Es war einmal … das Turboloch
Der Begriff tauchte, zumindest in der uns bekannten Literatur, eigentlich erst auf, als das Problem schon (fast) gelöst war. Das “Turboloch” beschreibt jene Verzögerung, die zwischen dem Herunterdrücken des Gaspedals und der Erzeugung nutzbarer Leistung des zwangsbeatmeten Motors entsteht. Weil der Turbolader ja erst mit zunehmendem Durchströmen der Abgase so richtig zu drehen beginnt und dann dem Motor wieder zusätzlich verdichtete Luft zuführen kann, reagiert der Turbomotor verzögert auf die Gasannahme. Und erst in den Achtzigerjahren las man über das "Turboloch".
Bei den frühen Turbos, insbesondere den Rennwagen, war dieses besonders ausgeprägt und umso grösser der Turbolader war im Verhältnis zum Hubraum, umso stärker war der Effekt. Verstärkt wurde der Effekt bei frühen Turbomotoren noch durch die abgesenkte Verdichtung, die die Leistung noch zusätzlich reduzierte, solange der Turbolader nicht auf hohem Niveau mitarbeitete.
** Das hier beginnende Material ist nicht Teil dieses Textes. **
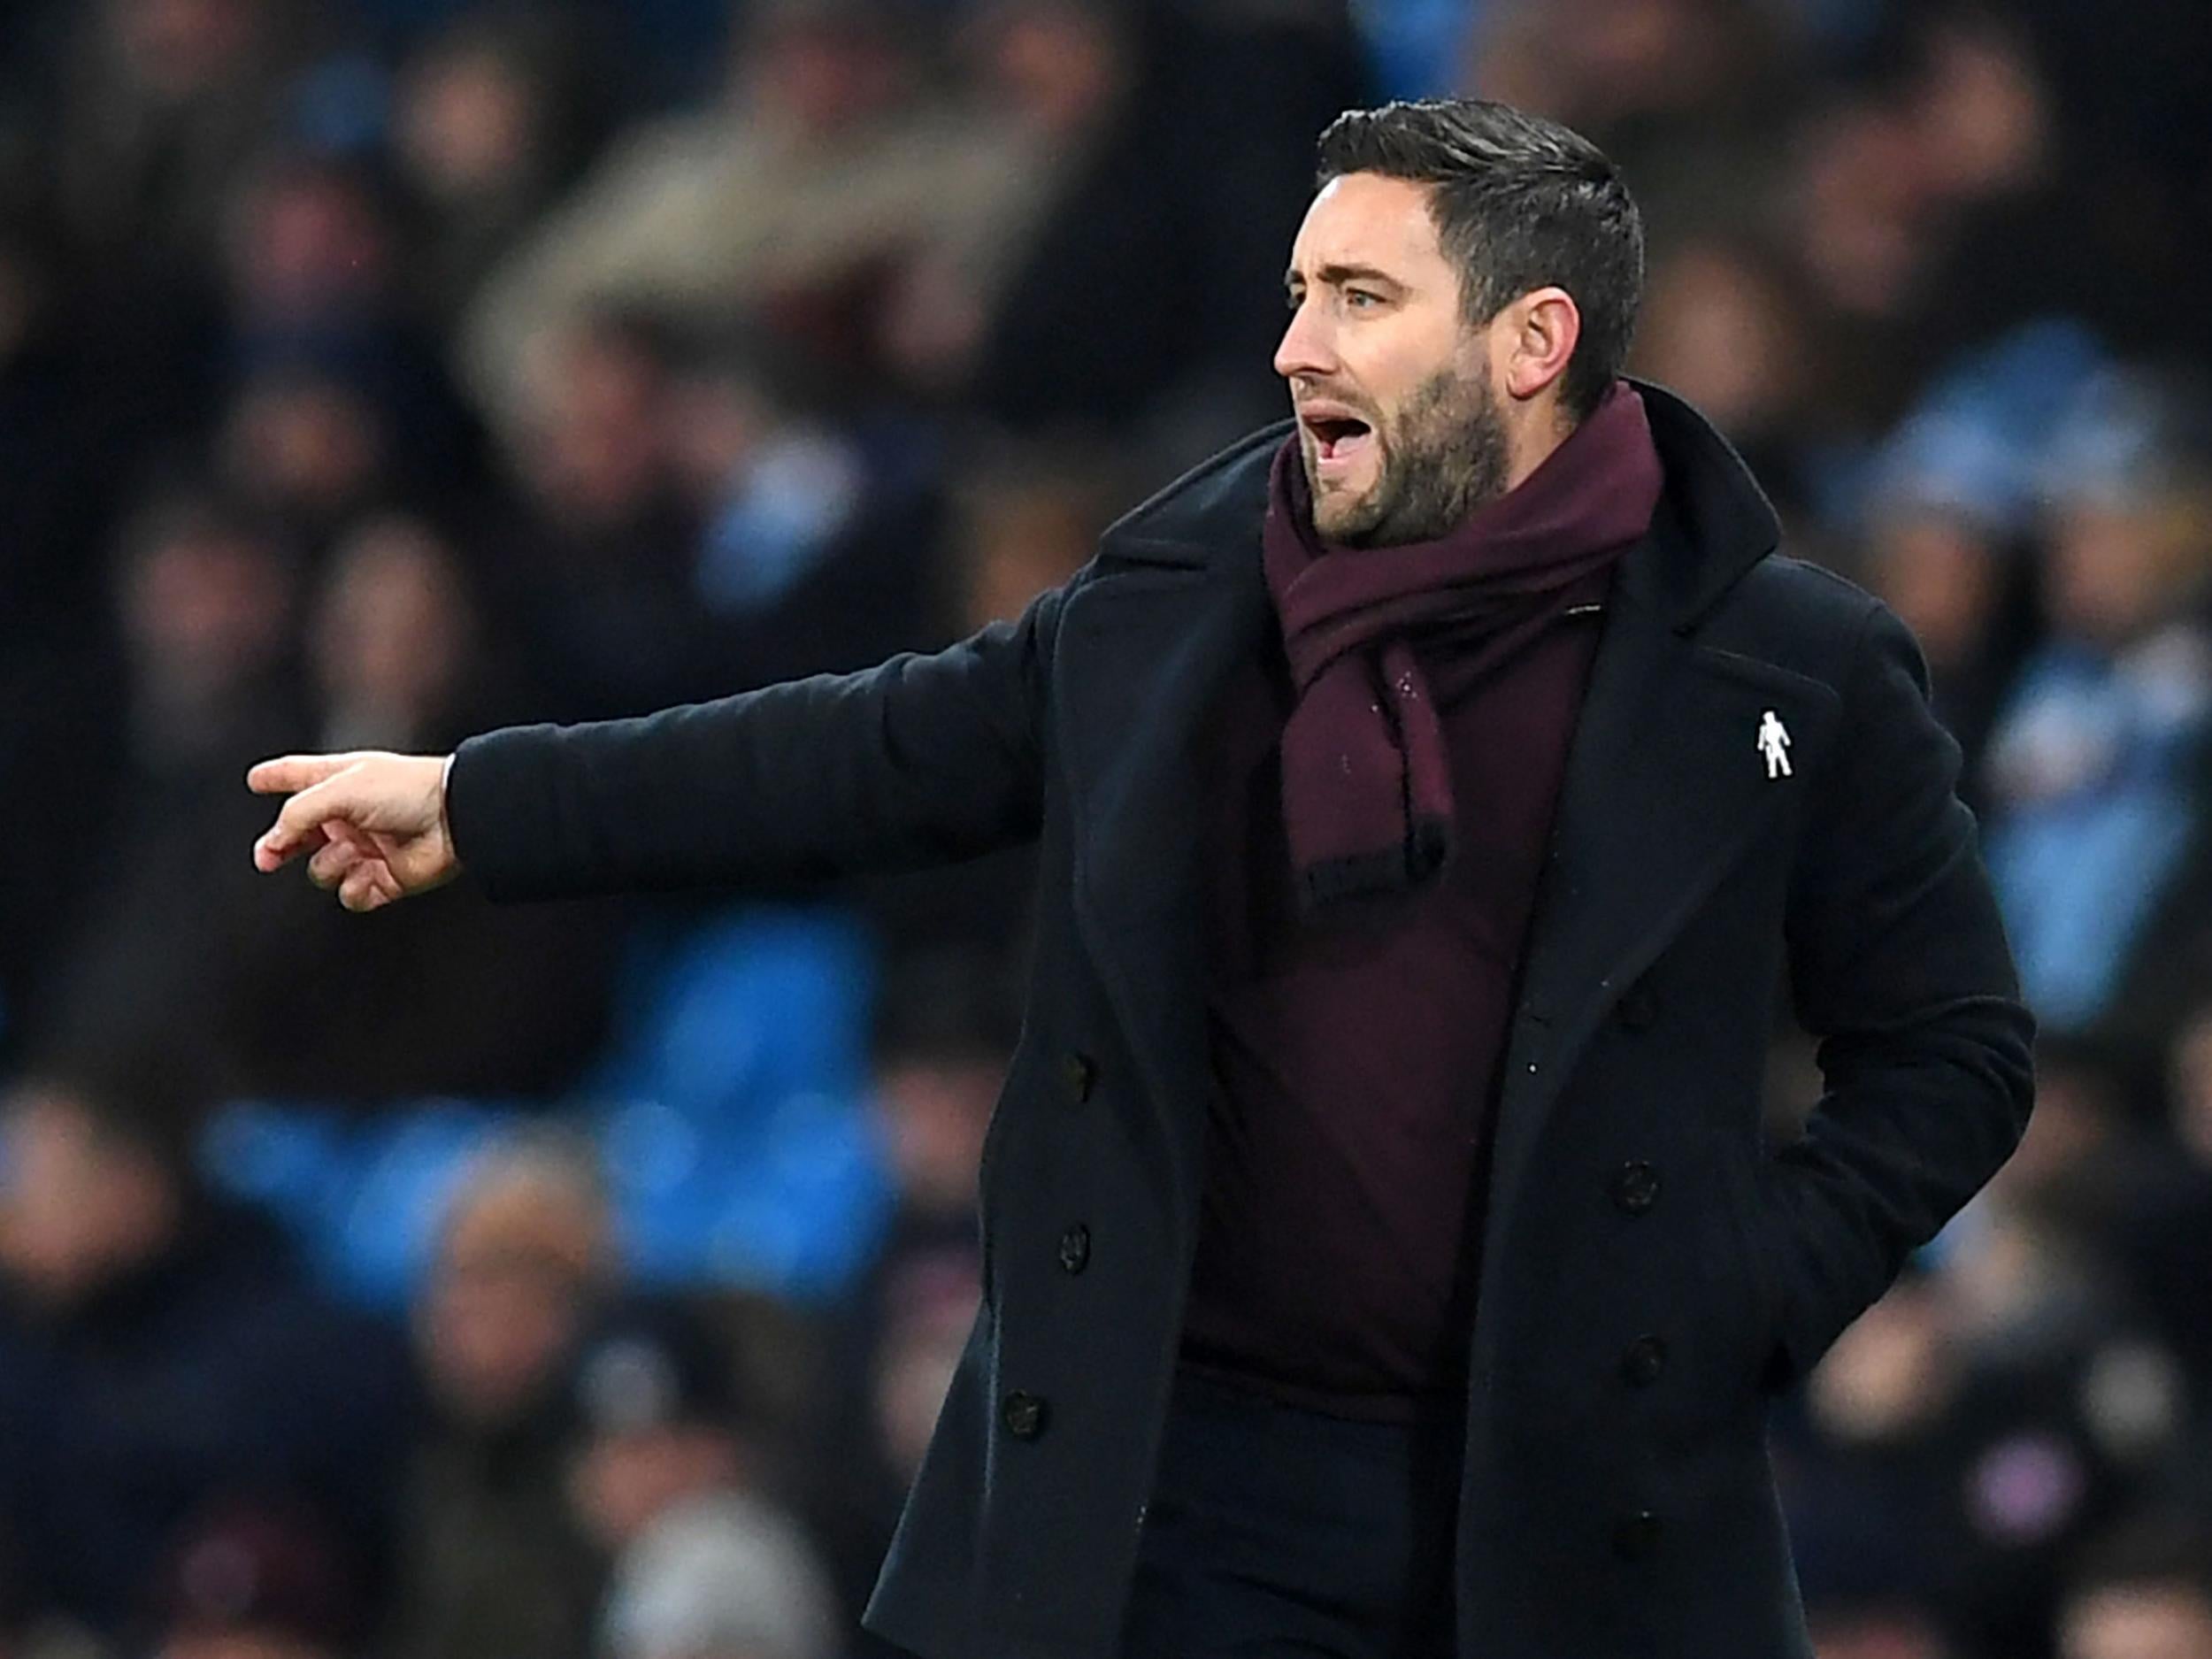 Lee Johnson was immensely proud of the performance from his players

Anfänglich sprach man übrigens eher vom “verzögerten Ansprechen beim Gasgeben” und Gert Hack notierte nach seinem ersten Test in der ams 11/1975 , dass man dieses Problem beim 930 eigentlich recht gut gelöst hatte. Spätere Testfahrer sahen dies dann allerdings nicht mehr so und heute gilt ein früher 930 als klassischer Turbo mit “Loch”. Auch andere Autos mit Estgenerations-Turbomotoren, etwa der BMW 2002 turbo oder der Mitsubishi Lancer wiesen deutliche Verzögerungen auf Gaspedalbewegungen auf. Umso schäumender war dann der Vortwärtsgang, wenn der Turbolader dann richtig Fahrt angenommen hatte.
Porsche verbesserte das Ansprechverhalten durch immer neue technische Kniffe bei jeder Turbo-Generation, bis kaum mehr etwas von der alten Kritik übrig war. Auch Saab hatte die Verzögerungen in mehreren Optimierungsschritten immer weiter verkleinert und moderne Vier- und Sechszylinderturbos lassen sich im Ansprechverhalten durchaus mit Saugern vergleichen. Über das “Turboloch” jedenfalls braucht heute niemand mehr zu sprechen, ausser er ist Nostalgiker und kann, wie ich, dieser Verzögerung in der Leistungsentfaltung etwas abgewinnen.
Als ich letzten Sommer auf Einladung von Porsche wieder einmal ein spätes 930 Turbo Cabriolet fahren durfte, da begeisterte mich der “Bums” ab 3000 Umdrehungen jedenfalls über alle Massen und ich genoss die verzögerte, aber umso kräftigere Leistungsentwicklung.